#### COLLECTED MATERIAL:
::::::::::

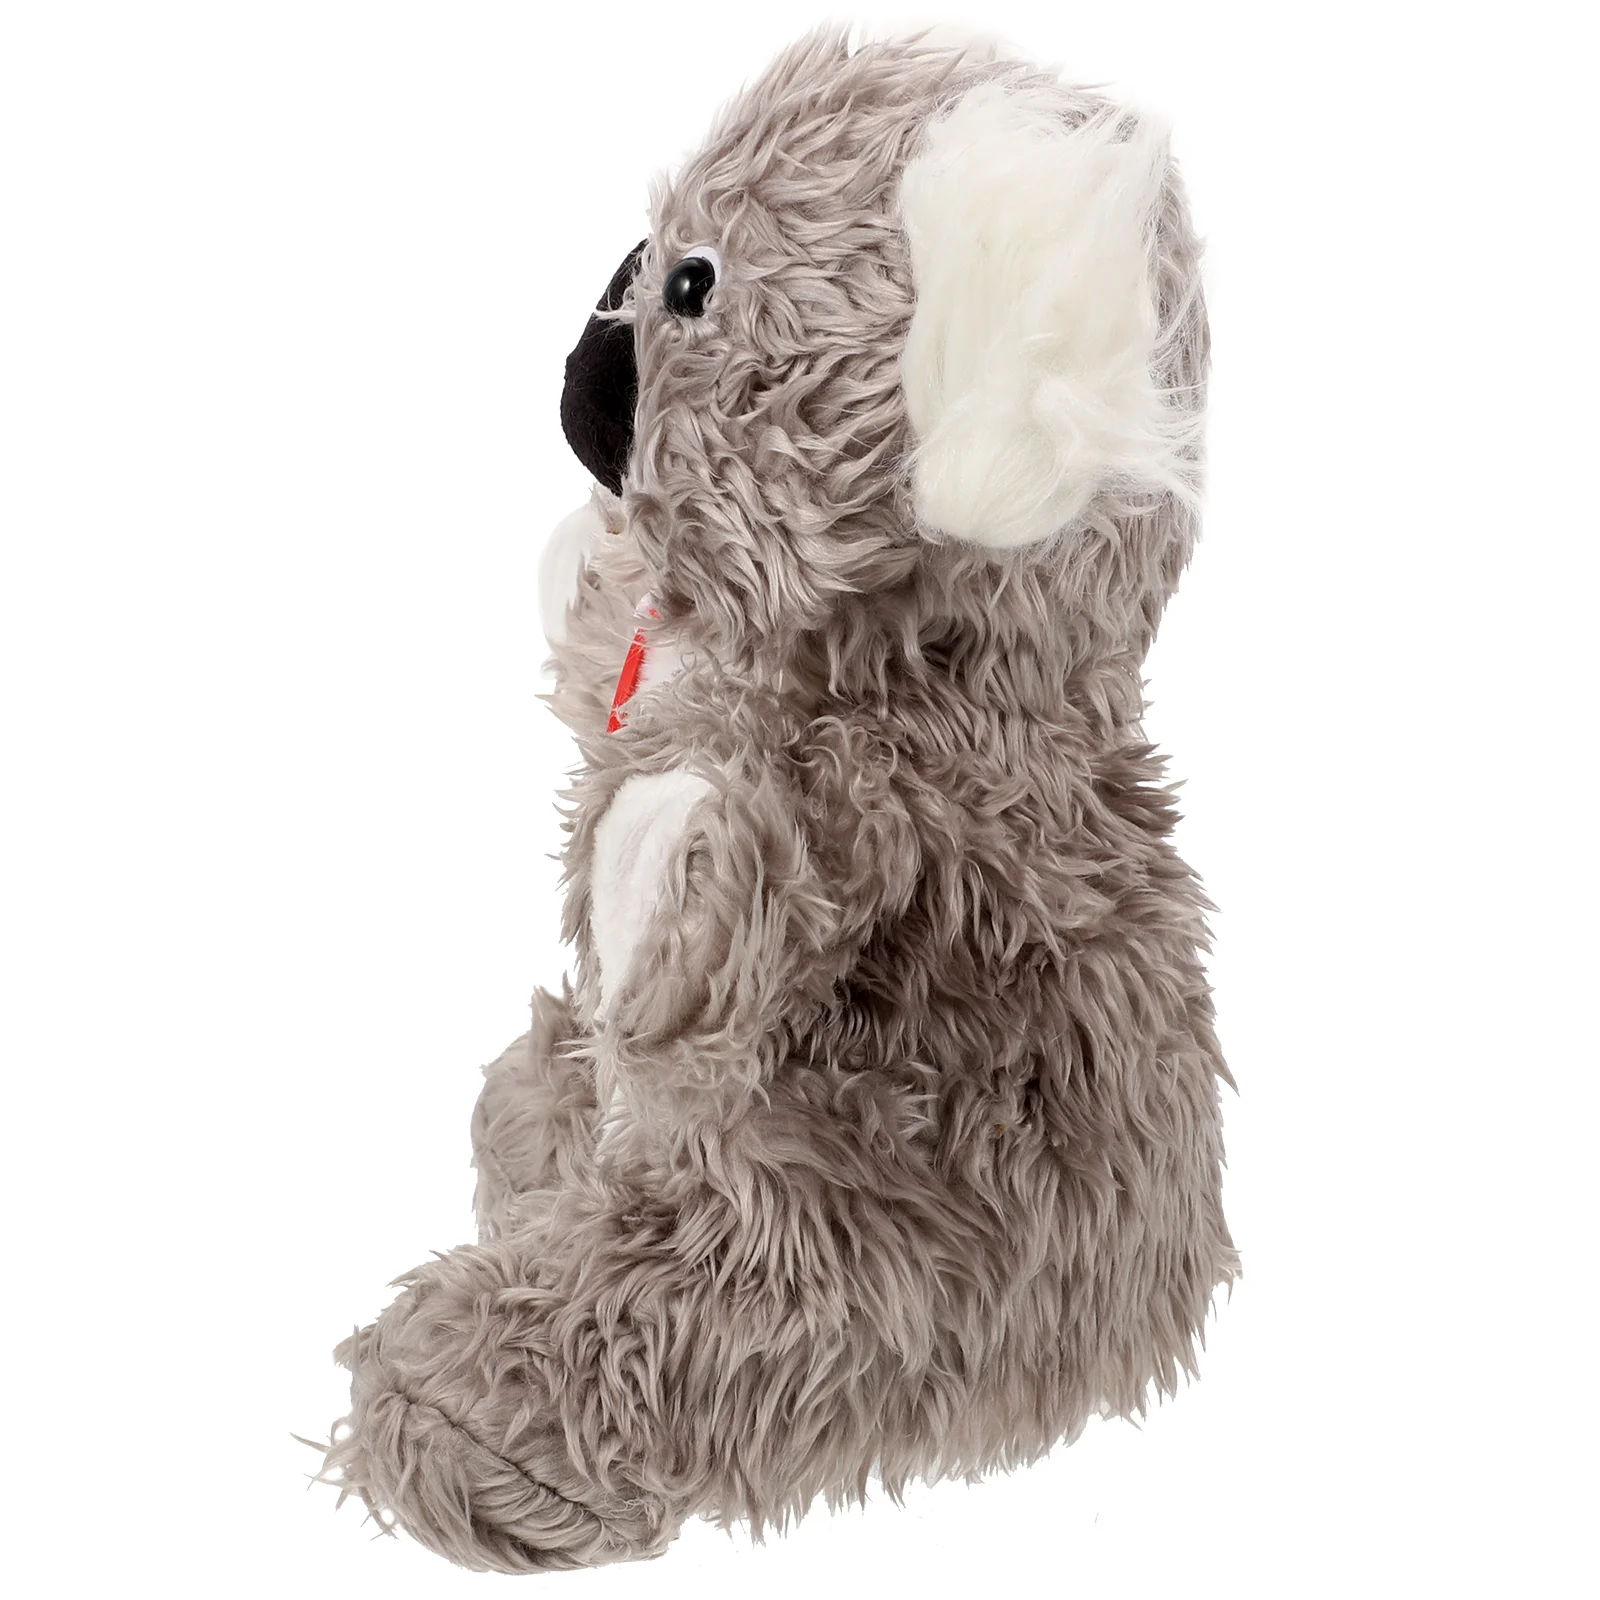 

Ручная кукла Koala, детские куклы, подвижная головоломка с ртом, игрушки для шоу, театра, реалистичные развивающие животные на весь тело, креативные
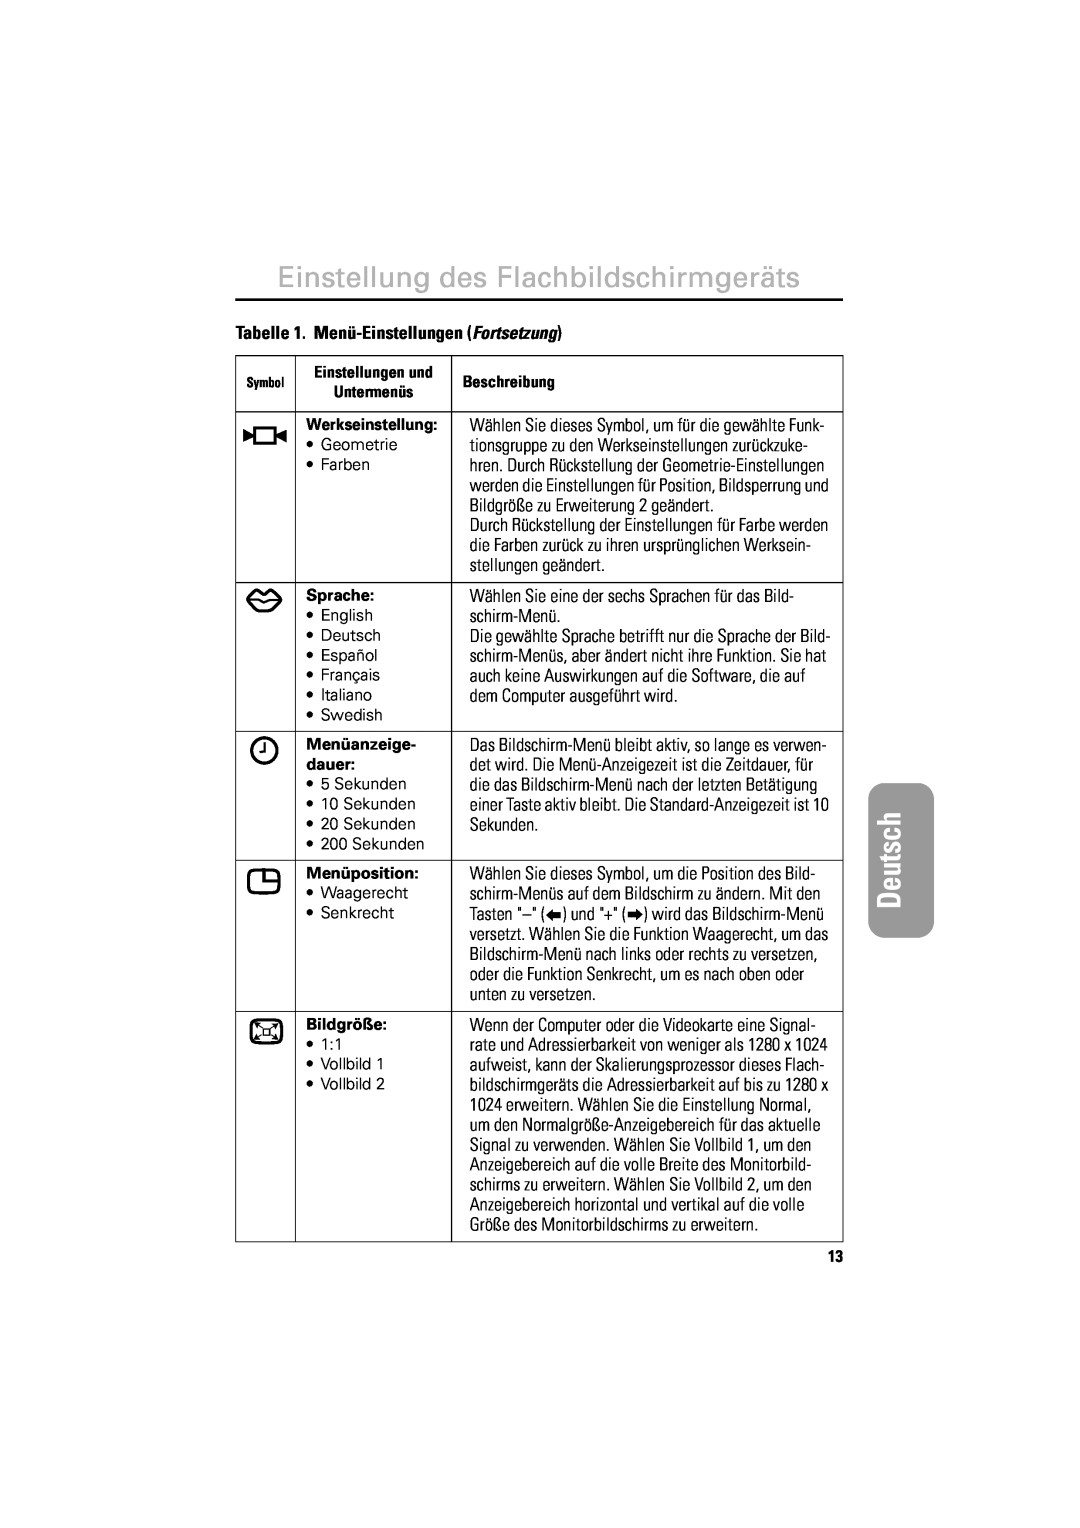 Samsung DV18MSPAN/EDC Bildgröße zu Erweiterung 2 geändert, stellungen geändert, schirm-Menü, dem Computer ausgeführt wird 
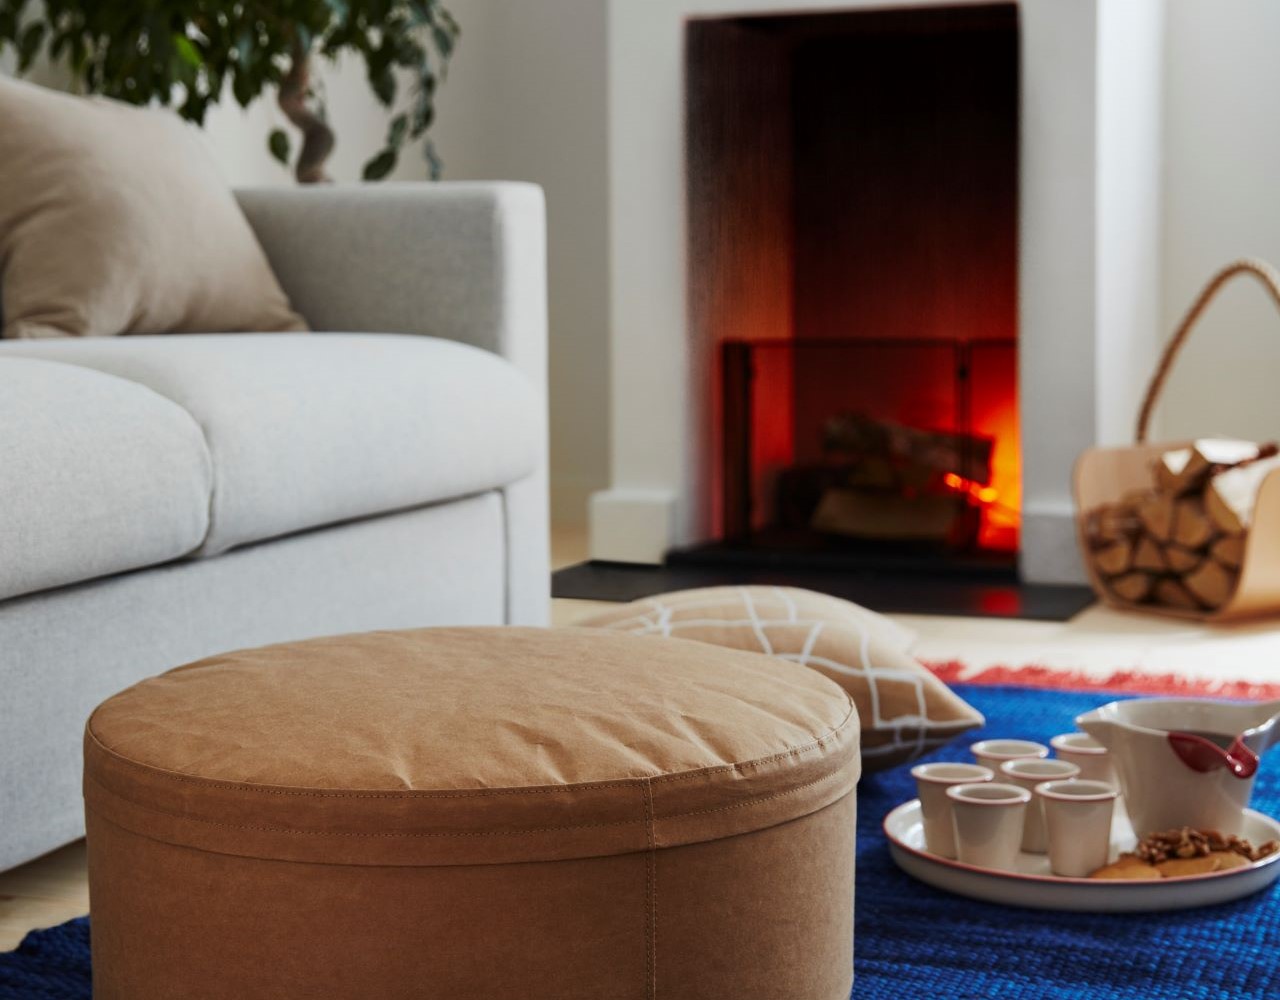 Λίγο πριν τις γιορτές, κάνε το σπίτι σου πιο ζεστό και φιλόξενο με τη νέα συλλεκτική σειρά VÄRMER από την IKEA

::::::::::

#### TASK TO COMPLETE:
Write the material above out again exactly as it reads, but don't carry over the pictures.

#### WRITTEN RESPONSE:
Ручная кукла Koala, детские куклы, подвижная головоломка с ртом, игрушки для шоу, театра, реалистичные развивающие животные на весь тело, креативные
 Samsung DV18MSPAN/EDC Bildgröße zu Erweiterung 2 geändert, stellungen geändert, schirm-Menü, dem Computer ausgeführt wird 
 Λίγο πριν τις γιορτές, κάνε το σπίτι σου πιο ζεστό και φιλόξενο με τη νέα συλλεκτική σειρά VÄRMER από την IKEA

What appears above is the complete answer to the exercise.